Looking for a reliable minivan? Move on
At 16,000 miles, white smoke appeared on startup. After taking it to the Toyota dealer, the oil had formed a "sludge", and the engine needed to be re-built.
Radio went out for no reason. Replaced under warranty.
Niggling complaints - rattles, squeaks, and unpleasant noises coming from all over the inside.
After my mediocre experience with a 1995 Dodge Caravan, I figured I would go for a vehicle from across the pond, because Toyotas supposedly have good reliability, and hold their resale value well.
As it turns out, the only thing I got by switching to an import van was a snotty dealer and perhaps one of the worst vehicles ever made. I'm not saying Domestics are superior, but this is a shining example that when it comes to cars, you can't stereotype.
OK, so onto the van. The dealer was your classic "let's haggle" slimebag. I knew that going in... Toyota dealers seem to have this cocky attitude, and my experience seemed to prove this theory correct. He would sell it to me for $2,000 over sticker, because they were in "high demand," and they only had "two left, and didn't know when they were getting more." After an hour of negotiation, I got the exact van I wanted, and got it for the actual sticker price.
The van itself was not too shabby. Seemed well built, minus the squeeks and rattles that appear on bumpy roads. The kids liked it well enough, except in the middle rear seat, where a nasty hinge kept prodding them in the rear. But as a 6 passenger hauler, the van worked quite well. It reminds me of a Camry in its driving manners. Fluid, but not fun. But hey, minivans and fun don't mix.
The first year of ownership was rather problem free, with the exception of a Radio that decided to stop working for no reason. But a little after 13 months of ownership, we noticed a huge white cloud of smoke upon startup. Yikes! So we took it to the Toyota Dealer, and he diagnosed the problem: the oil was forming a thick sludge in the engine, and had practically destroyed it.

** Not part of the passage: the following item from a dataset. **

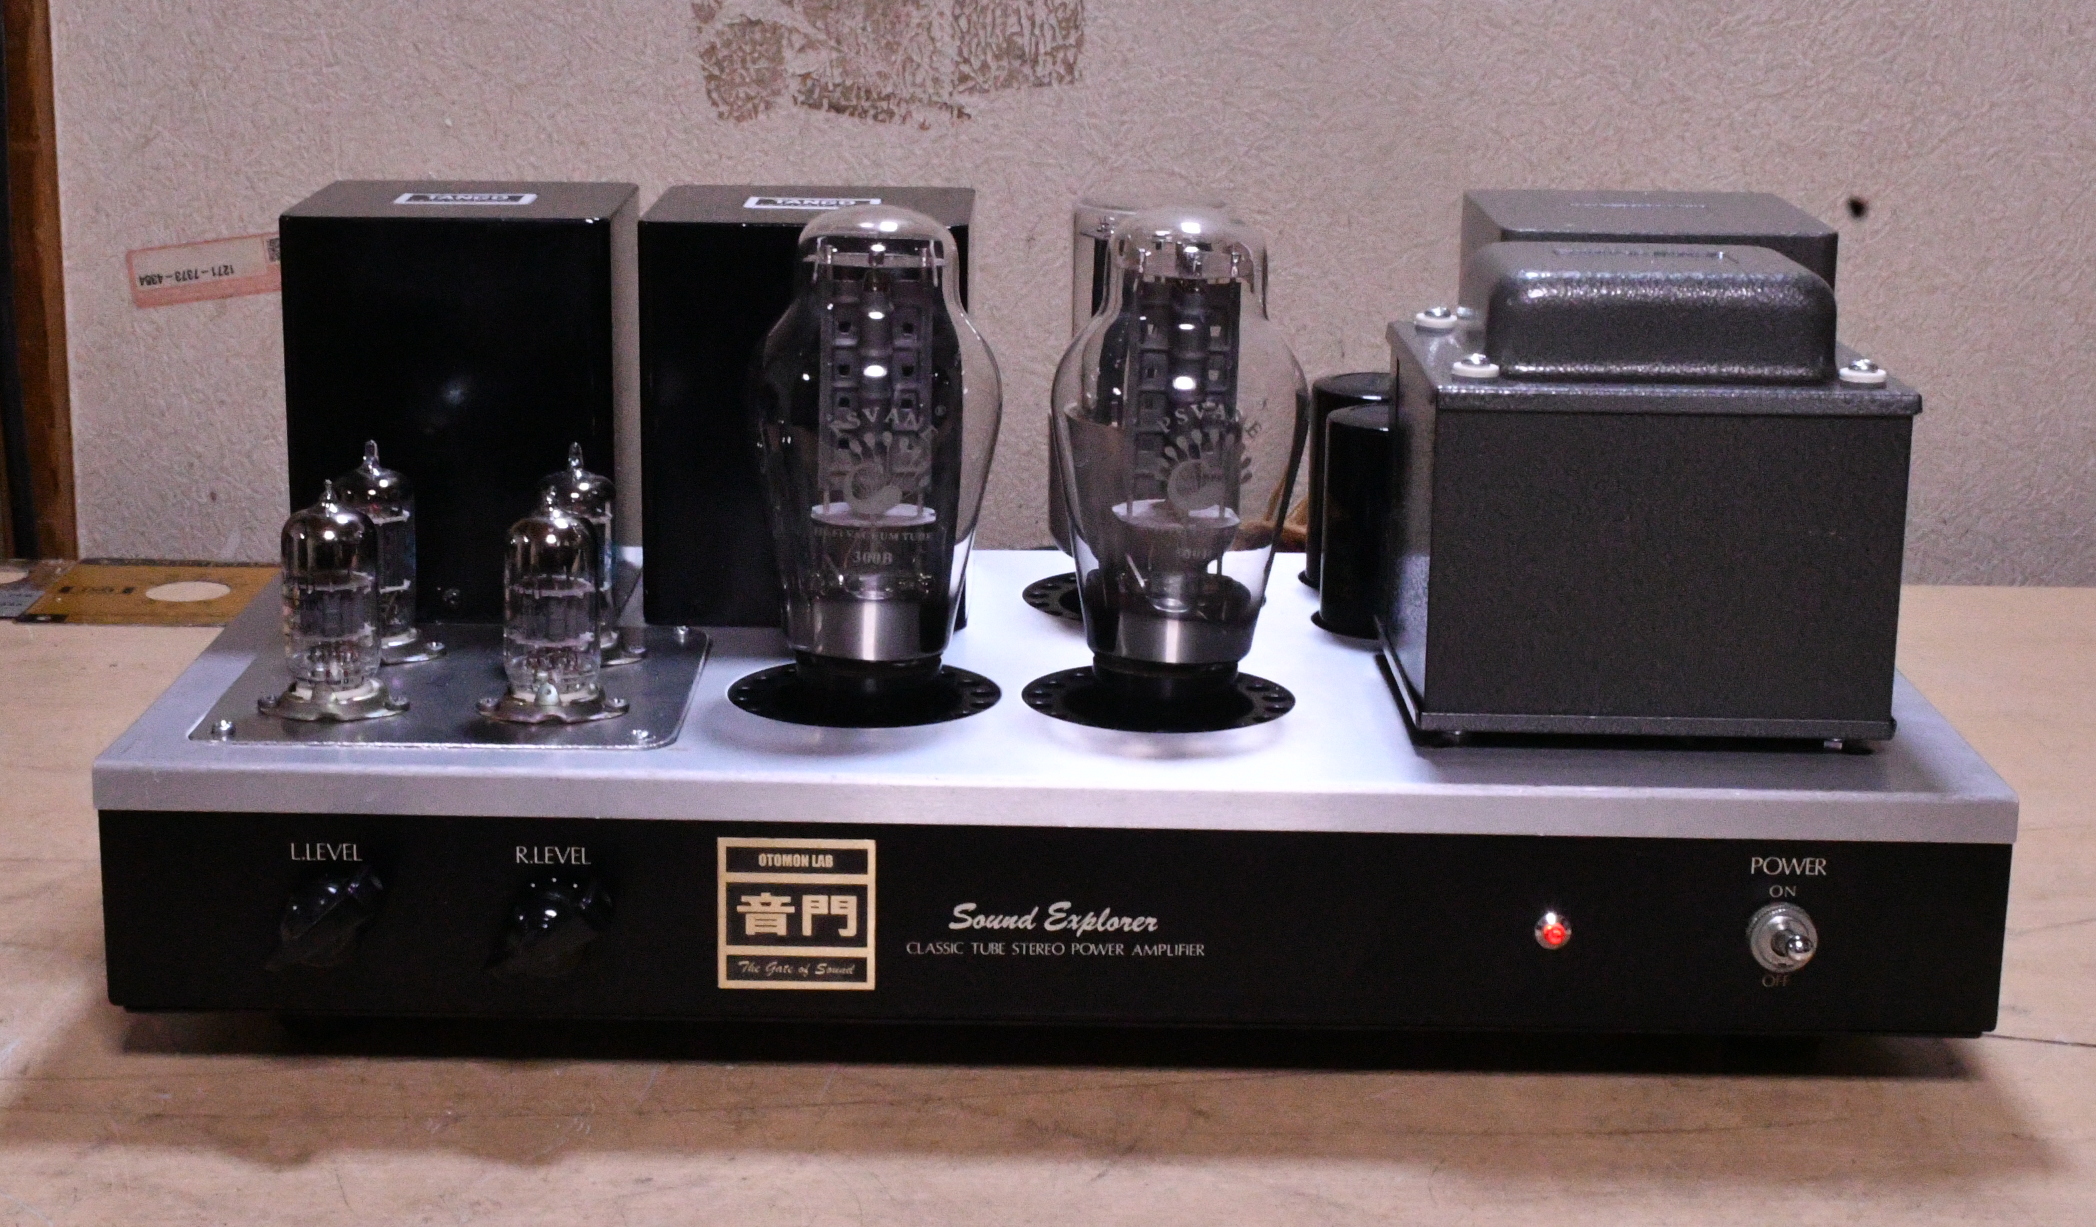 300B SE tube amplifier ,output 9W 12AY7/5687 with Sound Exprorer chassis

And then Mr. Slimebag continued to inform me that this was caused by improper maintinence of the vehicle. As ready as I was to bite his head off, I marched out of there, and pulled up the receipts from each oil change (every 3,000 miles on the SPOT), each done by Jiffy Lube.
But once again Mr. Slimebag informed me that because I didn't pay the Toyota dealer's inflated prices for an Oil change (which were usually twice for me what they were at Jiffy Lube...) they would not fix the engine, and informed me that it was caused by the apparent inferior quality of Pennzoil.
After this I was furious. That night I researched this problem on the internet, and surprise surprise... it's a very common problem in Toyotas. After printing out documented reports on this, as well as a recently posted issue on Toyota's website addressing this, I marched into the dealer and told him he could either fix my engine, refund my money, or show up for court. I don't take this kind of crap, especially when my safety, and my kid's safety is at risk. Reluctantly, the dealer offered to rebuild the engine.
This has been nothing short of a horrible ownership experience. 2 weeks after the van was fixed we sold the van, and purchased a Ford Explorer.
Had the Sienna been a reliable minivan, I could care less if the dealer was dishonest. But if I'm stuck with a horrible piece of scrap metal, I am not the person to mess with. I certainly hope this is an isolated case, but I certainly have been burned off of Toyota for quite a long time ahead.